Se trata de una plenitud tan grande, que todo cede ante ello. Todas las
negaciones se borran delante de la presencia indiscutible. El hombre empieza a
respirar de nuevo. Se da cuenta, de repente, antes de cualquier análisis-, de
la mediocridad religiosa que le hacía accesible a las quimeras de la crítica y
que le daba su alimento. El paso de un santo es una llamada a la
conversión.
Podemos
esperar que el gran santo deseado, ese santo “del que tiene tanta necesidad
nuestra época”, sea un hombre que camine hacia delante “por un camino libre y
fresco, empujado por la plenitud de la savia religiosa de su tiempo”, que logre
sanear para el servicio de Dios, unificándolas y purificándolas en sí mismo,
tantas aspiraciones que brotan y tantas energías que se desperdician en muchos
de nuestros contemporáneos; que se convierta de este modo para toda una generación
en un suscitador y en un entrenador, vivo símbolo para todos de una renovación
cristiana a la que todos están invitados. Tenemos derecho a esperarlo, y ¿quién
de nosotros no lo desearía? Pero ¿soñamos a veces en un santo que transformaría
de golpe todas nuestras estructuras sociales?, ¿en un santo que instituiría
milagrosamente una sociedad fraterna, o que pondría por lo menos sus primeros
fundamentos?, ¿en un santo que habría de ser proclamado como tal por la opinión
pública, sin deformaciones groseras?, ¿en un santo que, rompiendo el nudo de
nuestras contradicciones, nos aligerase de nuestra carga de hombres?, ¿o nos
hemos imaginado quizás alguna vez una especie de santidad nueva, que no
germinase en el mismo suelo del sacrificio y que no participase del mismo
destino de aquel a quien todos los santos han querido hasta ahora tener como
maestro?, ¿un santo que no fuese signo de contradicción? Si así es, volvamos a
leer el evangelio, expulsemos todos nuestros sueños y nuestros pronósticos,
tomemos modestamente sobre nuestros hombres nuestra tarea de hombres, y
pongamos nuestra confianza en Dios: la raza de los santos no corre el peligro de
extinguirse”.
[1] “La mayor parte de la
gente no comprende al santo; ni san Pablo ni san Juan les parecerían más que
hombres ordinarios. Sin embargo...”. J. NEWMAN, Parochial and Plain Sermons,
3,252 (citado por L. COGNET, Newman ou la recherche de la verité, 237.

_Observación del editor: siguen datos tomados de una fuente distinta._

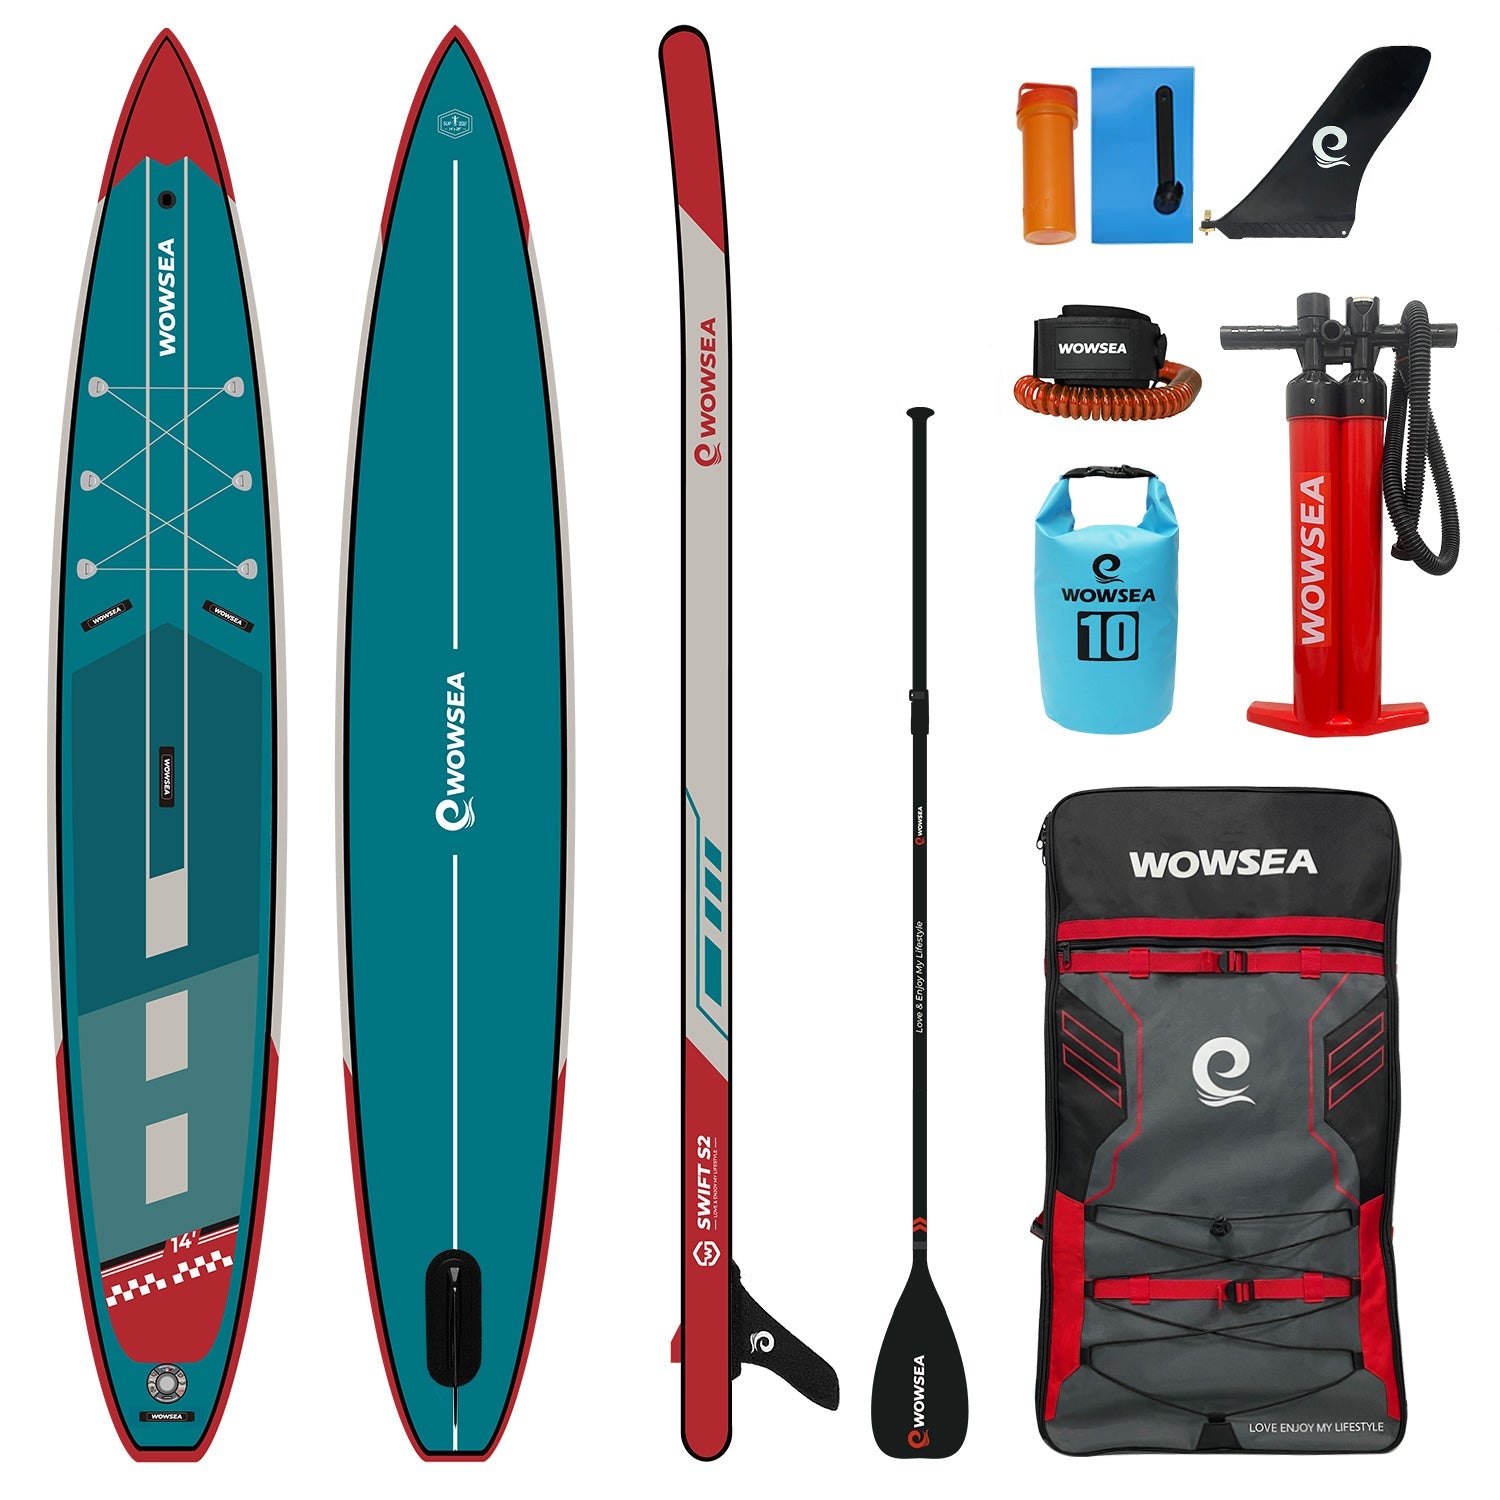 Tabla Paddle Surf Hinchable, Stand Up Paddle Board Tabla de Surf Premium  con Asiento de Kayak, Soporte para cámara, Remo Doble y Juego Completo de

[2] Cf. R. Schutz, Unanimité
dans le pluralisme. Presses de Taizé, 1966: “Lo que nos urge, como cristianos,
es comunicar a Cristo a los hombres. Lo que nos importa en el fondo es el
hombre, su promoción en Dios, su promoción espiritual al mismo tiempo que su
promoción humana... Pero si, a causa de nuestra apertura generosa a los
hombres, fuesen a desaparecer de nuestra vocación común los signos de lo
intemporal, solamente habríamos adquirido una capacidad particular de
participación en el mundo contemporáneo... Estaríamos incapacitados para hacer
descubrir al hombre el acontecimiento de Dios, la trascendencia, la irrupción
vertical de Dios... Una vida contemplativa no integrada resulta ininteligible
al hombre contemporáneo. Pero no es reconocido tampoco el cristiano que se ha
dejado absorber enteramente por su ambiente humano”.
[3] Cf. P. TEILHARD DE
CHARDIN: “...darle a Dios –en eso consiste la santidad- un valor auténtico d
realidad”.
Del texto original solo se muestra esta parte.